The Political-Criminal Nexus: Emerging Violent Threat to Governability in the Twenty-First Century
Roy Godson, Government, Georgetown University
Research Grant, 1998, 1999
One of the more dangerous contemporary threats to the quality of life is the collaboration of the political establishment with the criminal underworld—the political-criminal nexus (PCN). These partnerships increasingly undermine the rule of law, human rights, and economic development in many parts of the world, especially in states in transition.
The problem is chronic in, for example, Mexico, Nigeria, Turkey, and Taiwan. Only the forms and balance of power among the players change. In other areas, such as Colombia, the Andes, Afghanistan, Southwest and Southeast Asia, the Balkans and the Caucuses, the problem is more acute, violent, and kaleidoscopic, and often it dominates political, economic, and social life.
Despite the potential magnitude, there is little understanding of the security threats posed by the PCNs and how and why political-criminal relationships are formed and maintained. Nor has there been systematic study of policy prescriptions for disrupting existing relationships or methods for preventing future ones from developing. Menace to Society (Transaction, 2003) is the first attempt to develop an analytical framework. Case studies of Colombia, Hong Kong, Taiwan, Italy, Mexico, Nigeria, Russia and the Ukraine, and the United States by leading scholars and practitioners answer such key questions as:
How do PCNs get established?
How is a PCN maintained, and destroyed?
What do the participants want from each other in a PCN?
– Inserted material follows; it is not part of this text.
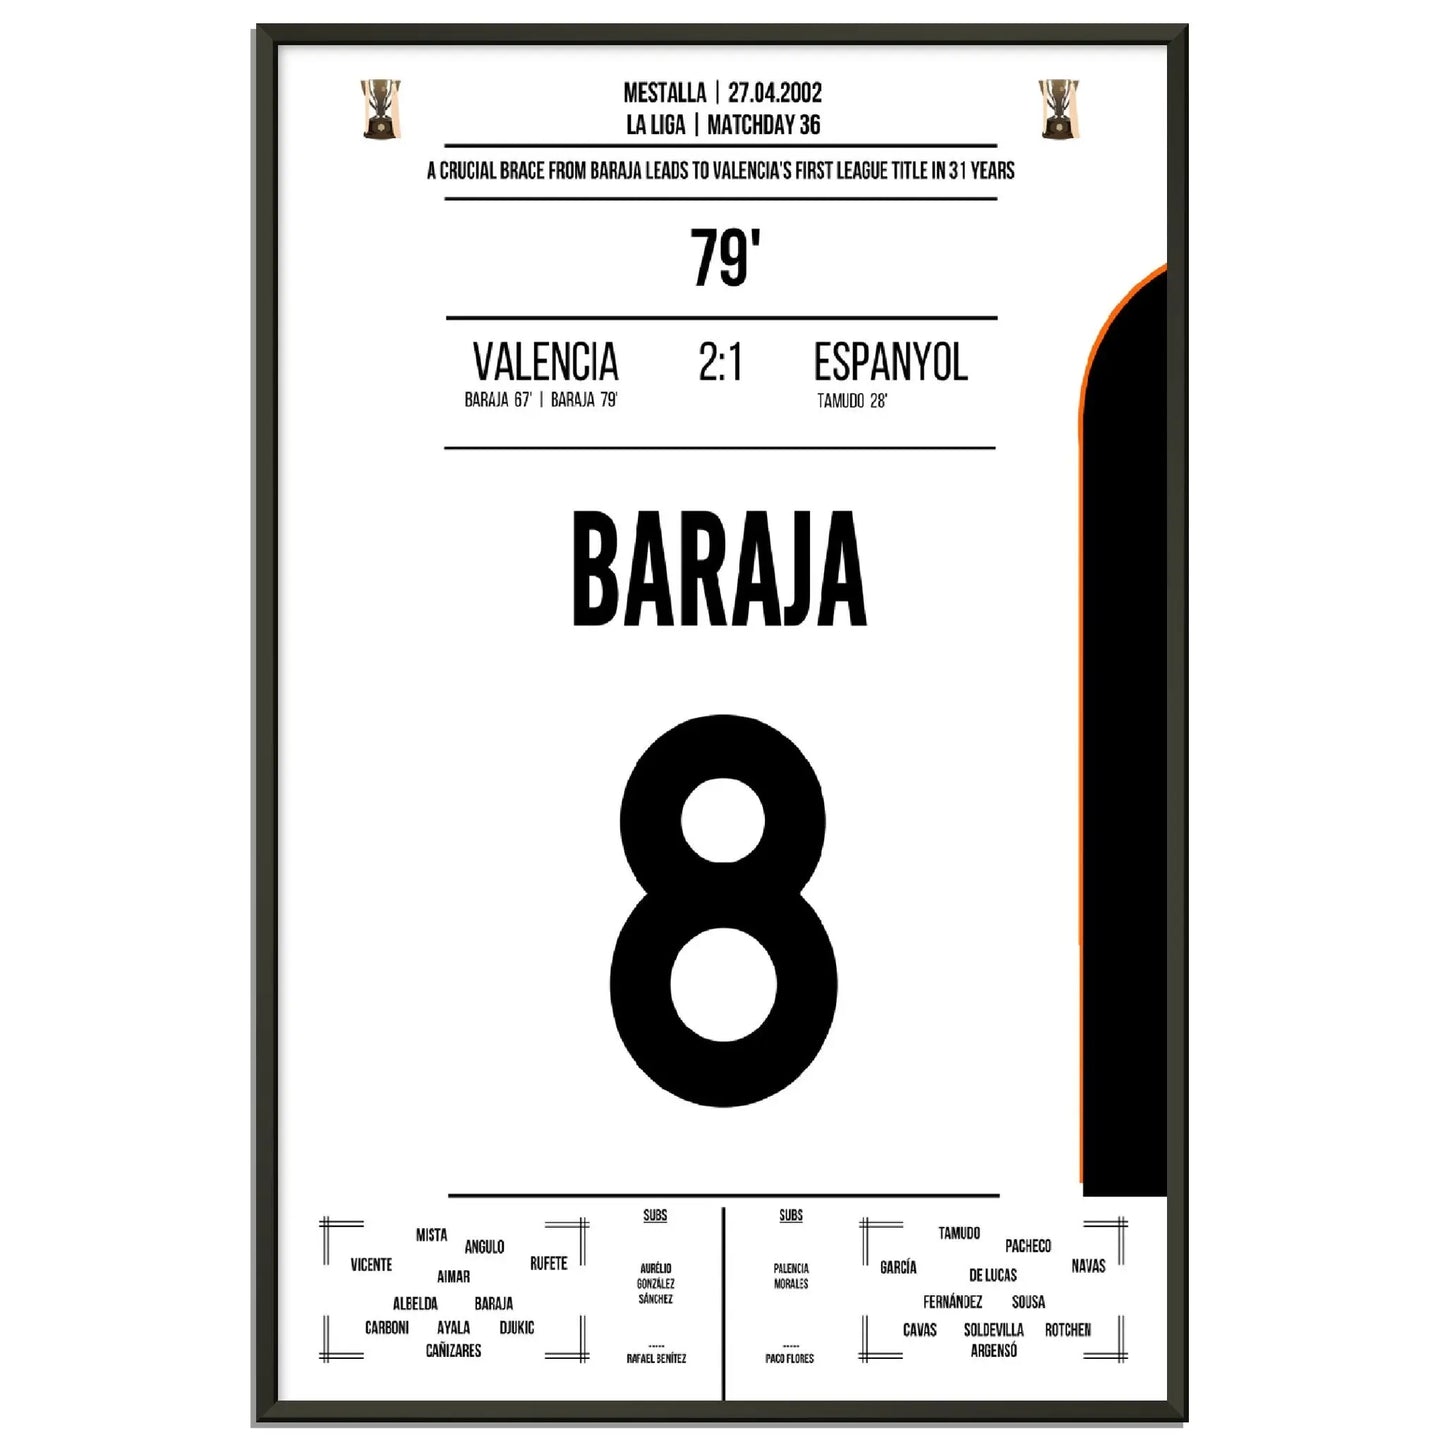 Baraja dreht das Spiel gegen Espanyol auf dem Weg zu Valencia's erster Meisterschaft nach 31 Jahren

What can be learned from those who have successfully countered the PCN?
When state institutions are weak, as in Nigeria and Colombia, the state often cannot prevent political-criminal collaboration. A lack of checks and balances, either from civil society or opposition political parties, is a key factor.
The findings indicate that political, economic, and cultural factors play a significant role in the formation and evolution of PCNs. When state institutions are weak, as in Nigeria and Colombia, the state often cannot prevent political-criminal collaboration. A lack of checks and balances, either from civil society or opposition political parties, is a key factor. Cultural patterns tend to facilitate this kind of collaboration. In patron-client relationships, individuals, criminal and noncriminal, come to accept that solutions to economic and personal needs and conflicts depend on certain leaders.
Markets and economics are also affected. In many countries, the supply and demand for illegal goods and services, not only drugs, creates a market controlled by criminals who need political help to “run” their business. In Colombia, for example, the scale of illicit funds made creation of a national level PCN a major goal of the cartels. The line between legitimate and illegitimate business is increasingly blurred.
As local problems become global, and global problems have local effects, the complex relations between criminals and political elites appear to explain much, not only about local politics, but also regional and global trends in world politics. These increasingly complicated dynamics have also created a new kind of security challenge, the contours of which are only gradually coming into focus.
There has been some progress in countering the PCN. Lessons can be learned from experiences in Hong Kong and Sicily, for example, where law enforcement has been boosted by cultural changes that have diminished political-criminal collaboration. These examples may illustrate a promising approach that has applicability elsewhere.